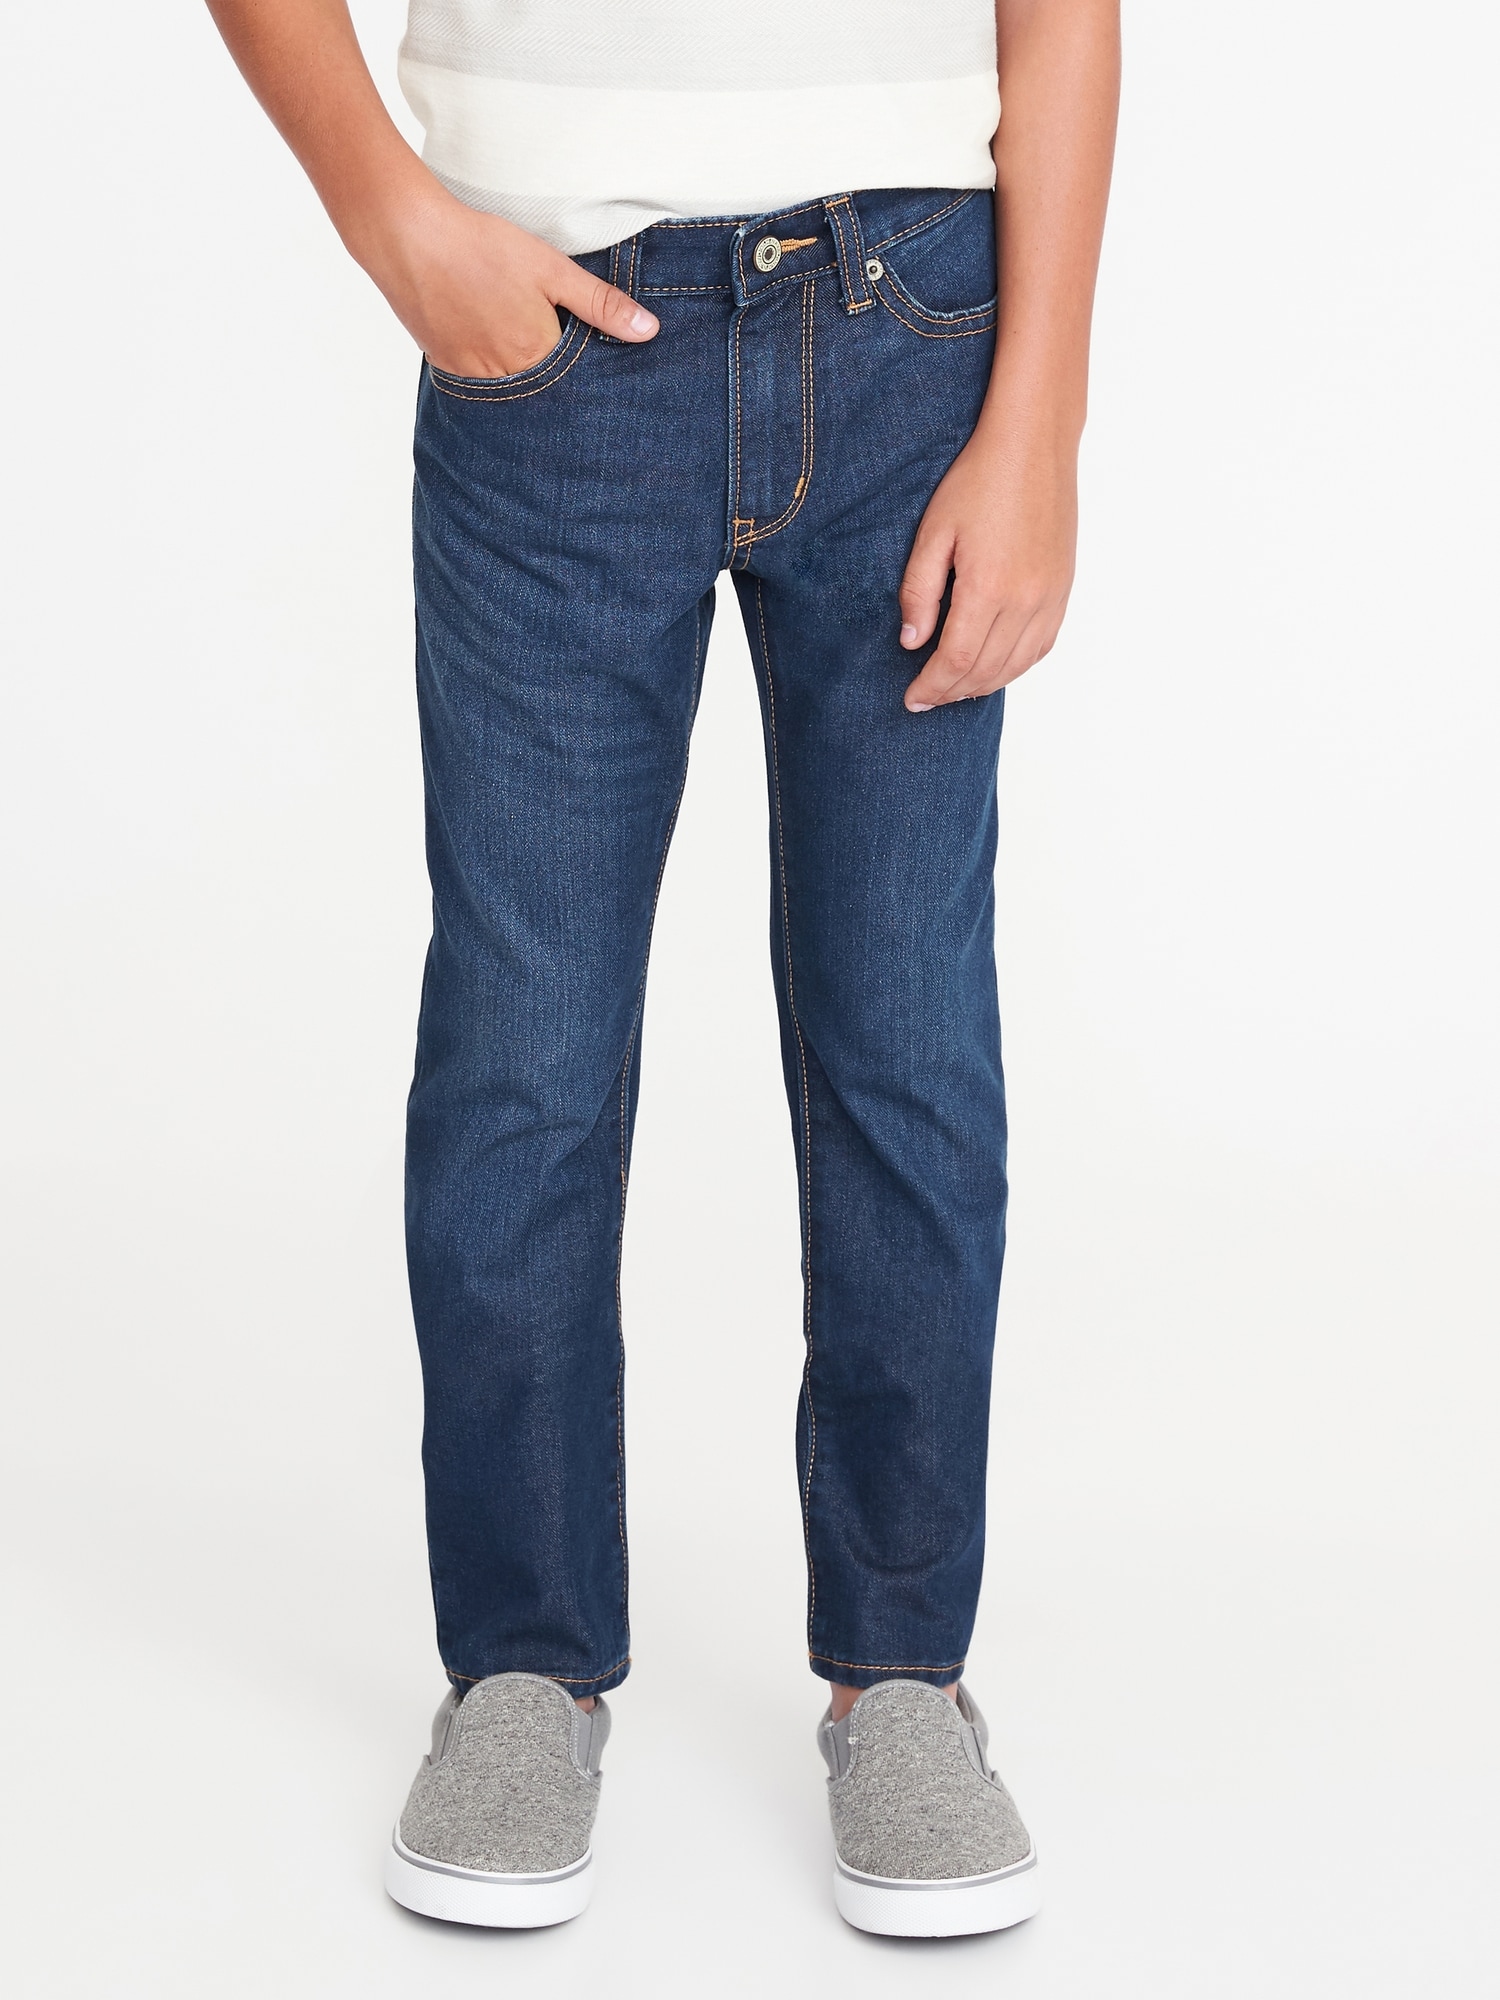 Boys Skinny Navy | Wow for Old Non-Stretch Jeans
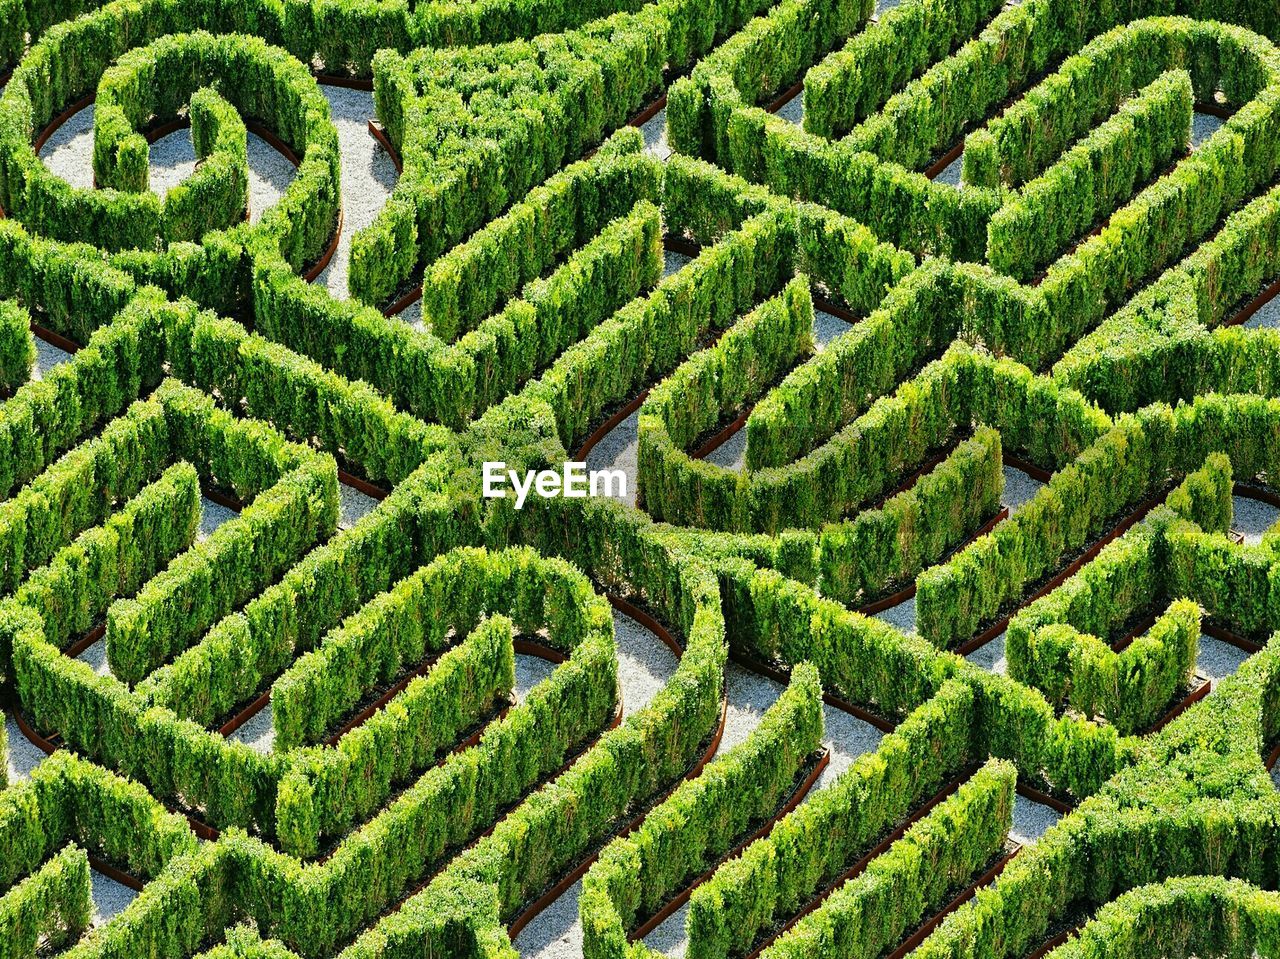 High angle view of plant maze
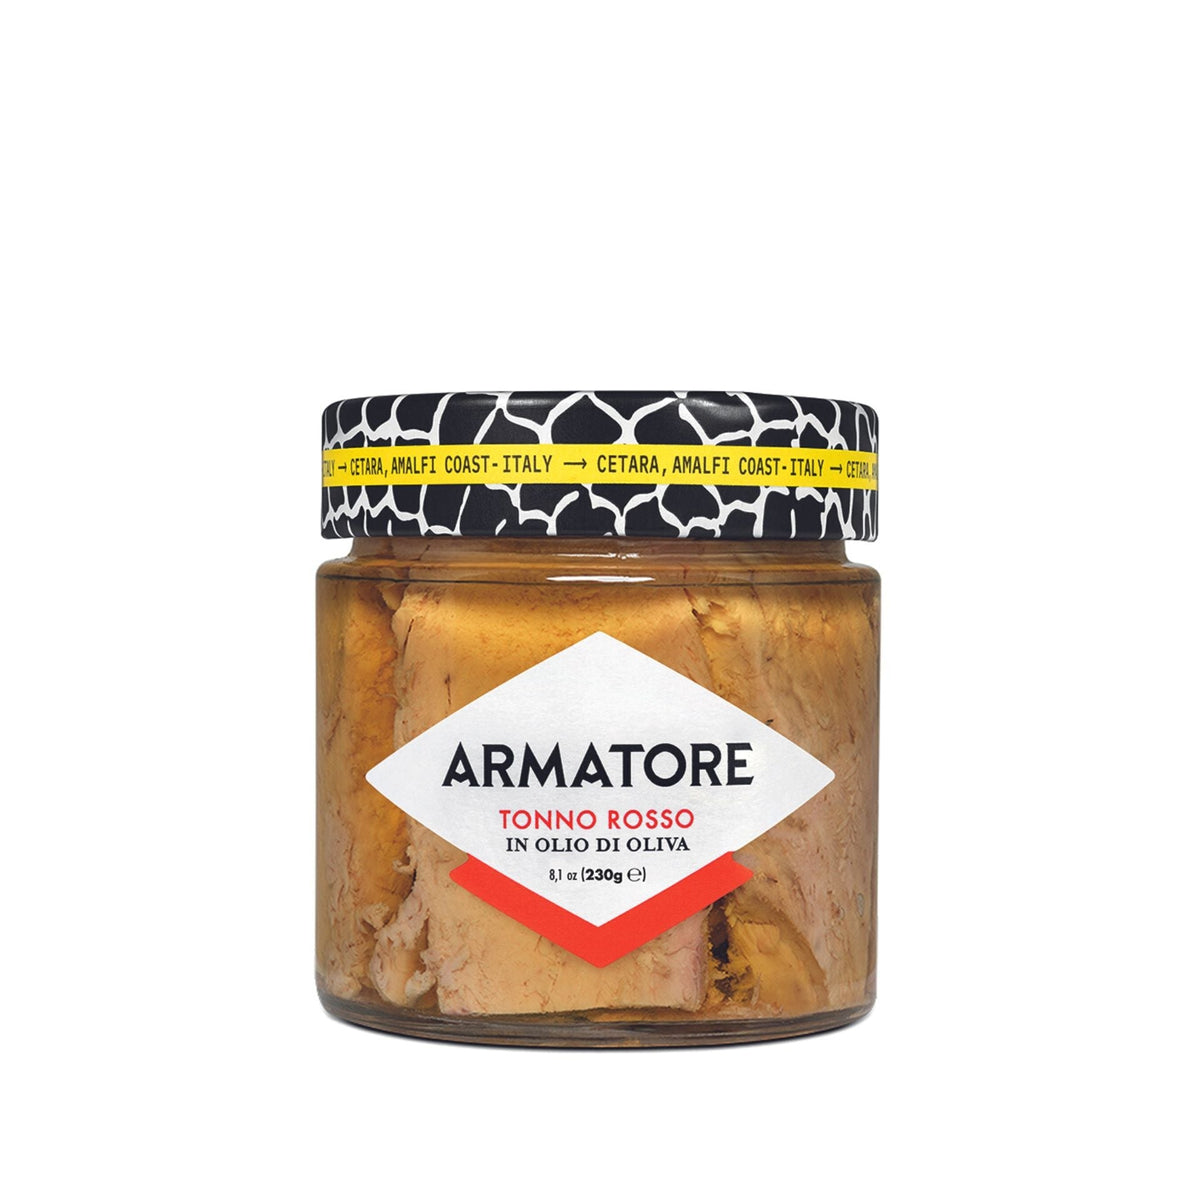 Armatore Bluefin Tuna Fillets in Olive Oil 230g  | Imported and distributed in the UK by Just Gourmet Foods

_PROBLEM_
Once the pictures are set aside, repeat the remaining data word for word.

_ANSWER SECTION_
 Boys Skinny Navy | Wow for Old Non-Stretch Jeans
 High angle view of plant maze
 Armatore Bluefin Tuna Fillets in Olive Oil 230g  | Imported and distributed in the UK by Just Gourmet Foods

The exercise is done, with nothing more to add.